'''
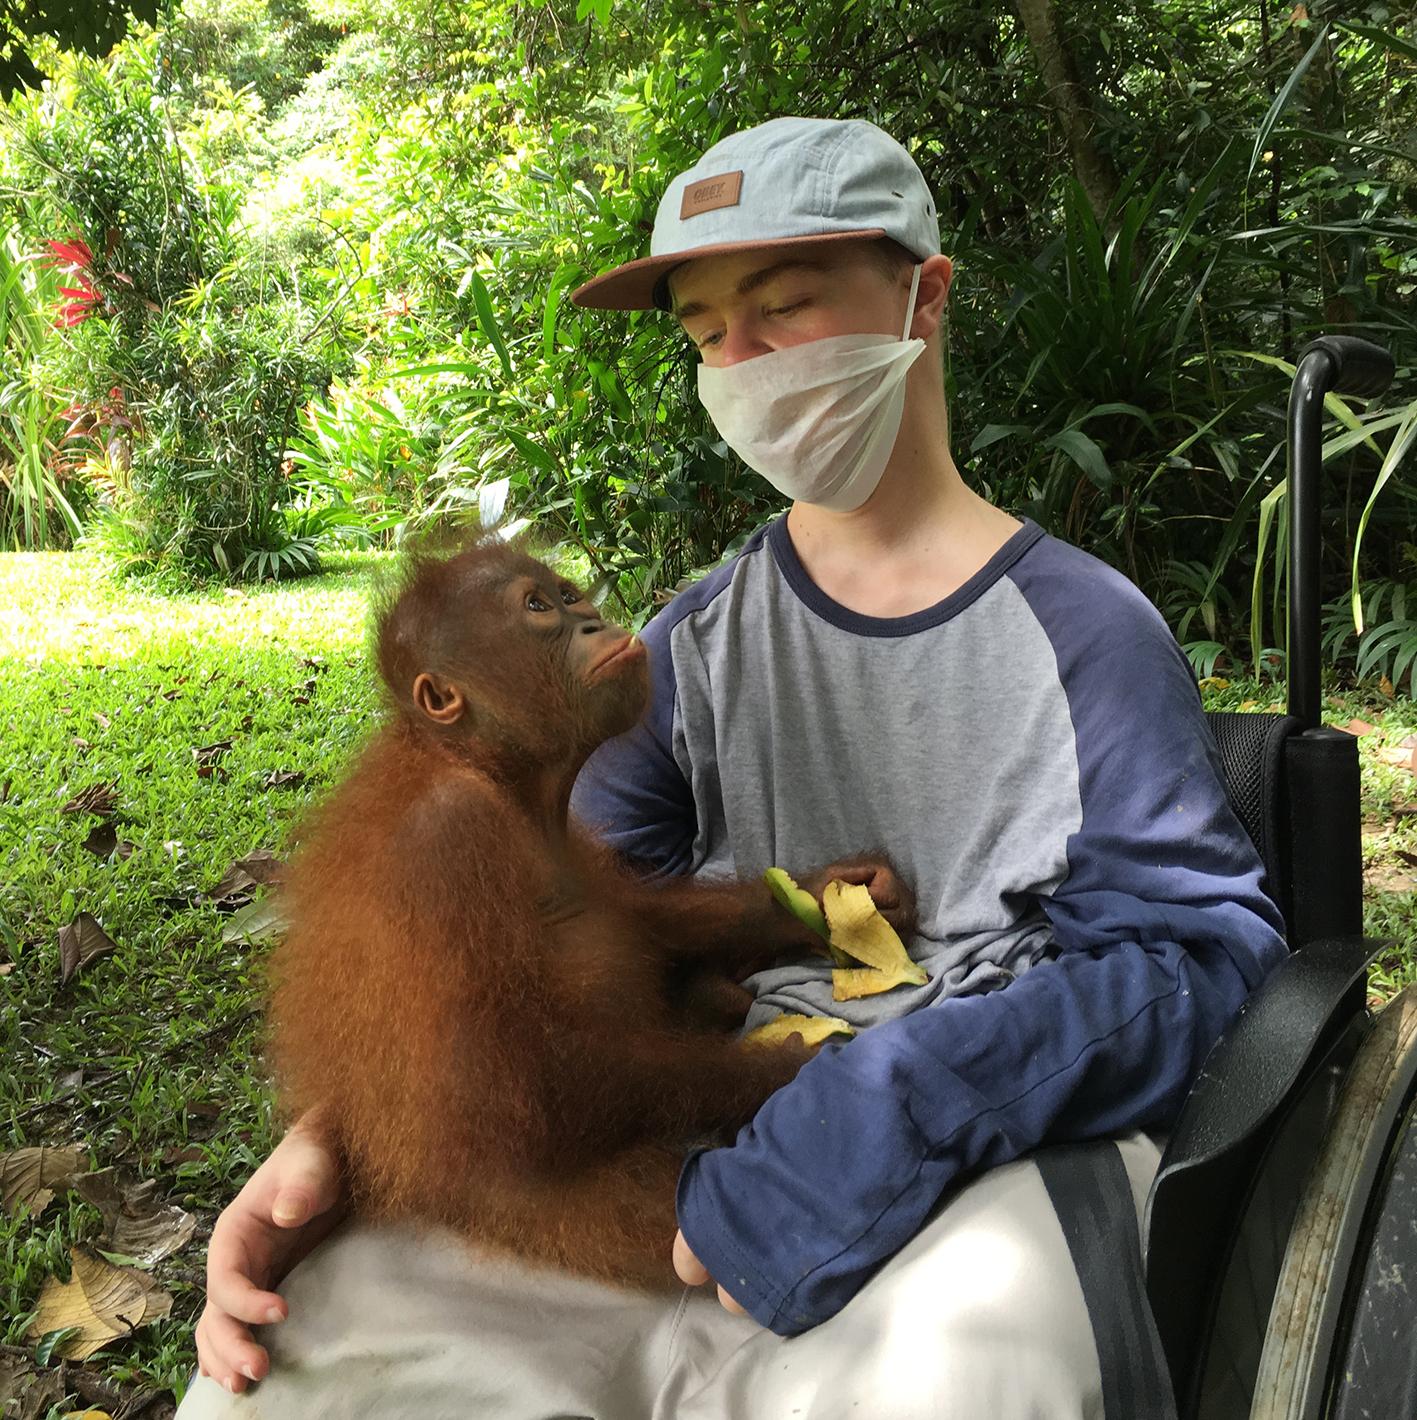 Benni Over mit Orang-Utan-Dame auf dem Schoß
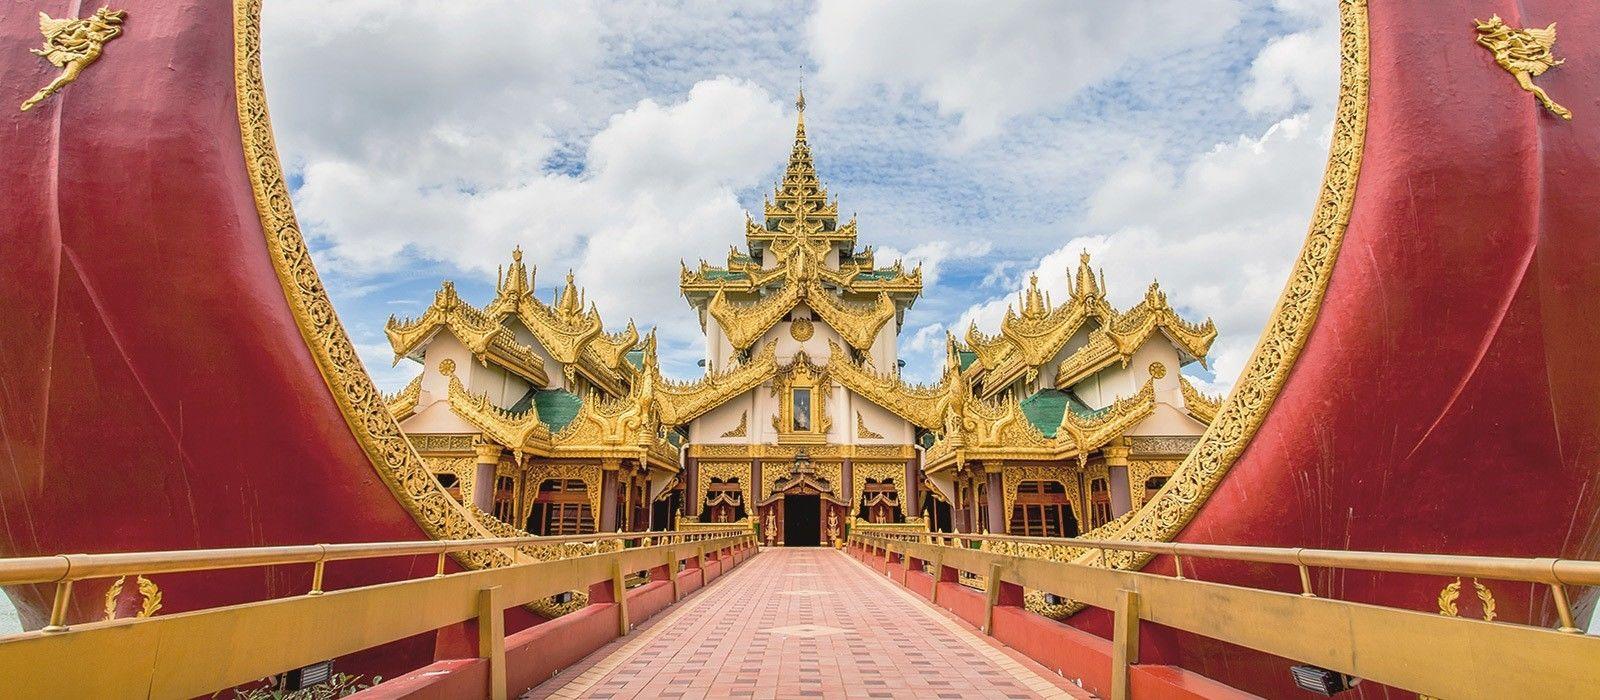 Luxurious Wonders of Myanmar Tour Trip 1
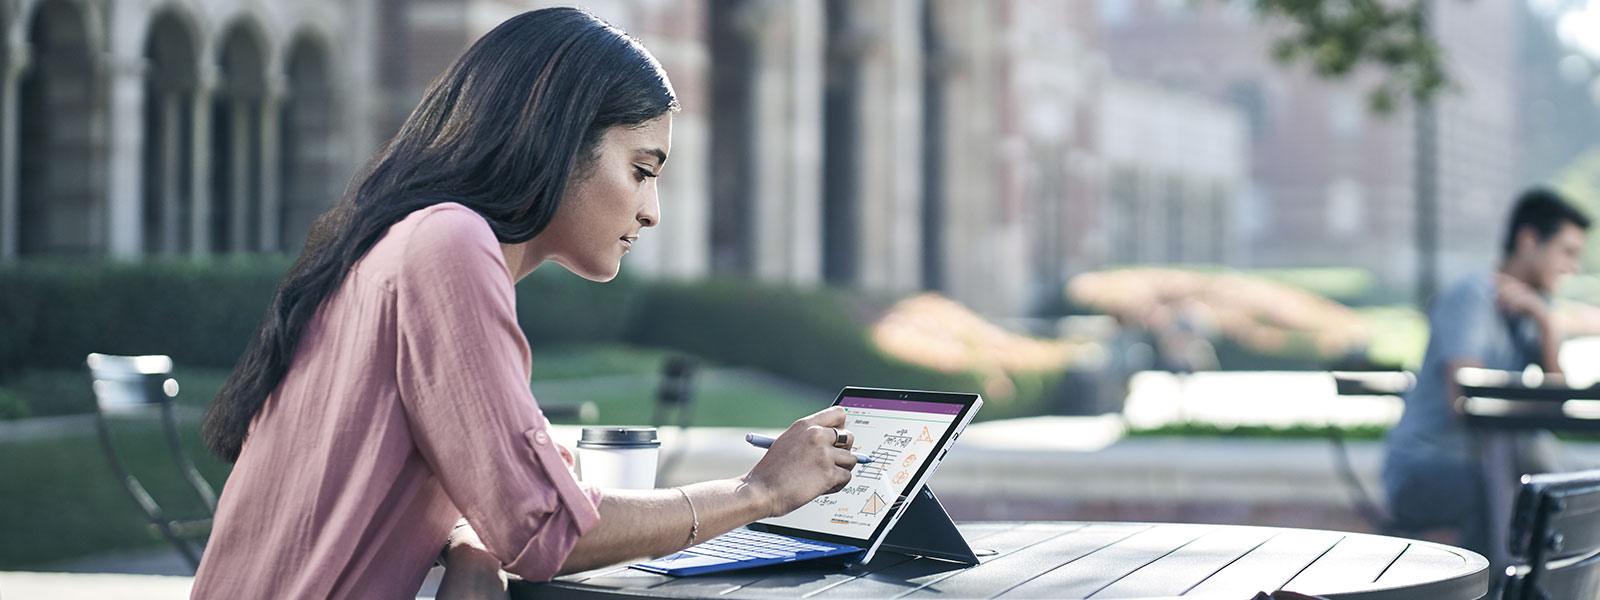 Kobieta szkicująca na urządzeniu Surface Pro przy użyciu pióra Surface
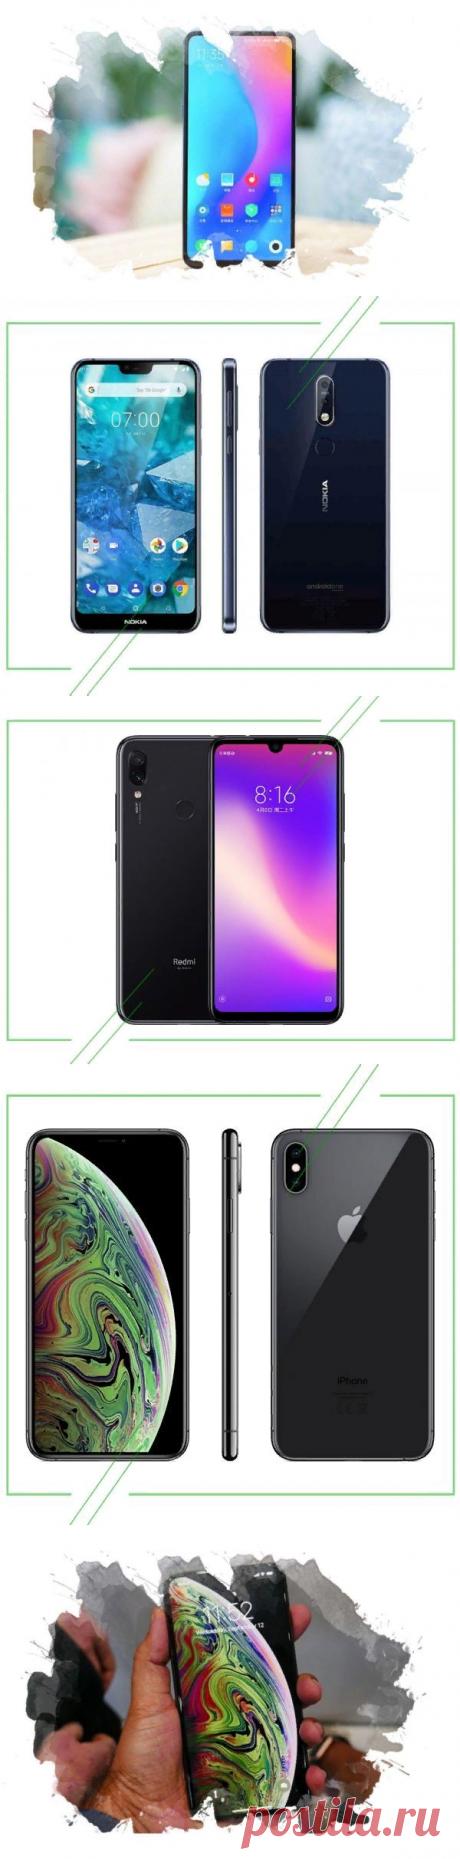 ТОП-7 лучших смартфонов с хорошей камерой 2019 года
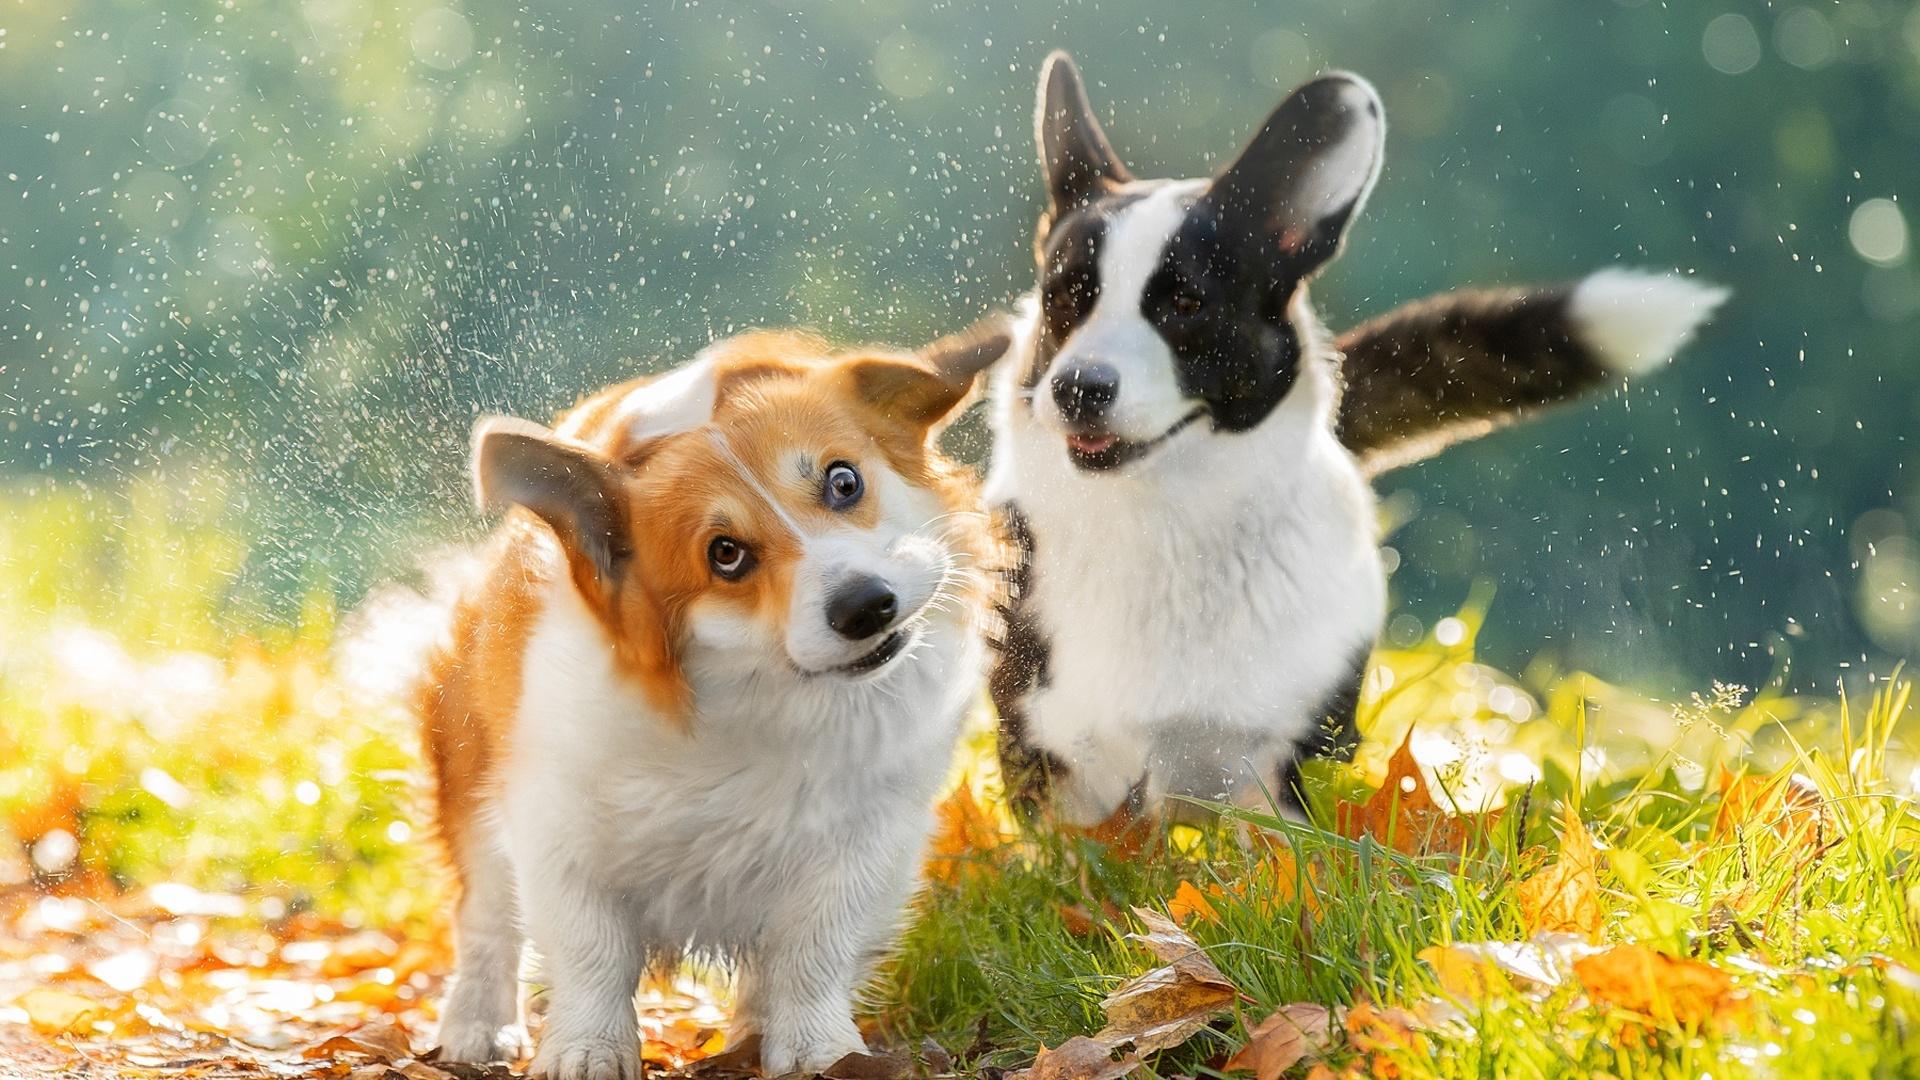 животные, собаки, парочка, природа, трава, осень, листья, боке
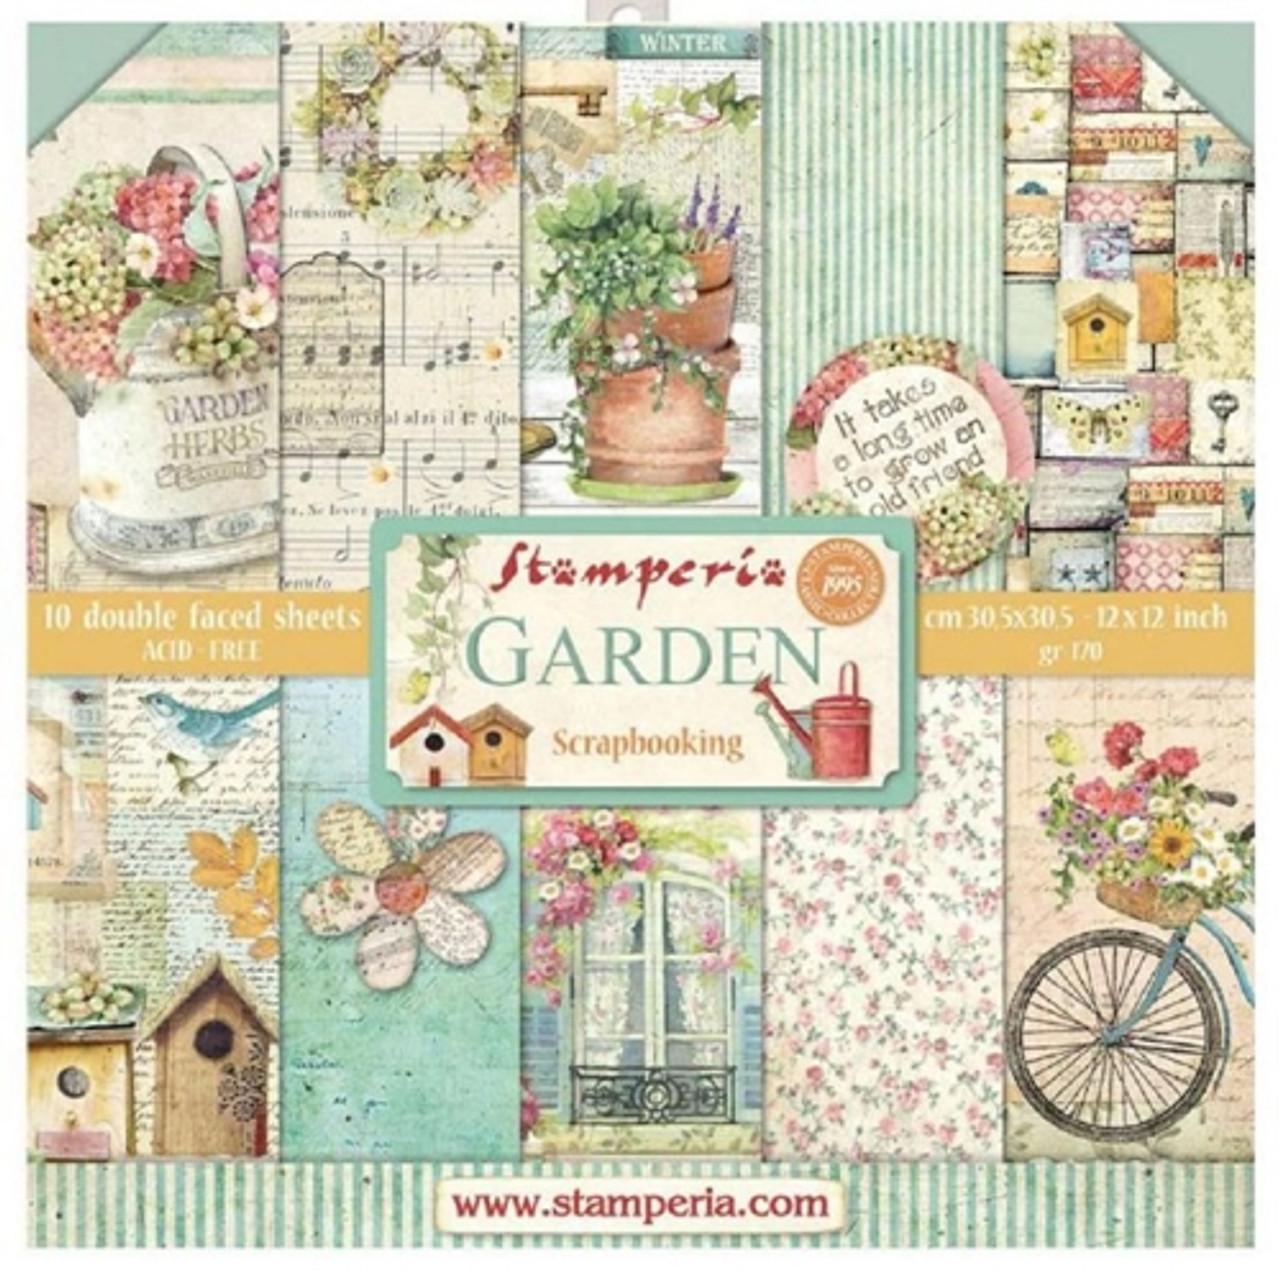 Stamperia 12 x 12 Paper Pad Precious
'''
## [TASK BRIEF]
Reproduce each line of the records above, exactly and without pictures.

## [EXERCISE RESPONSE]
 Benni Over mit Orang-Utan-Dame auf dem Schoß
 Luxurious Wonders of Myanmar Tour Trip 1
 Kobieta szkicująca na urządzeniu Surface Pro przy użyciu pióra Surface
 ТОП-7 лучших смартфонов с хорошей камерой 2019 года
 животные, собаки, парочка, природа, трава, осень, листья, боке
 Stamperia 12 x 12 Paper Pad Precious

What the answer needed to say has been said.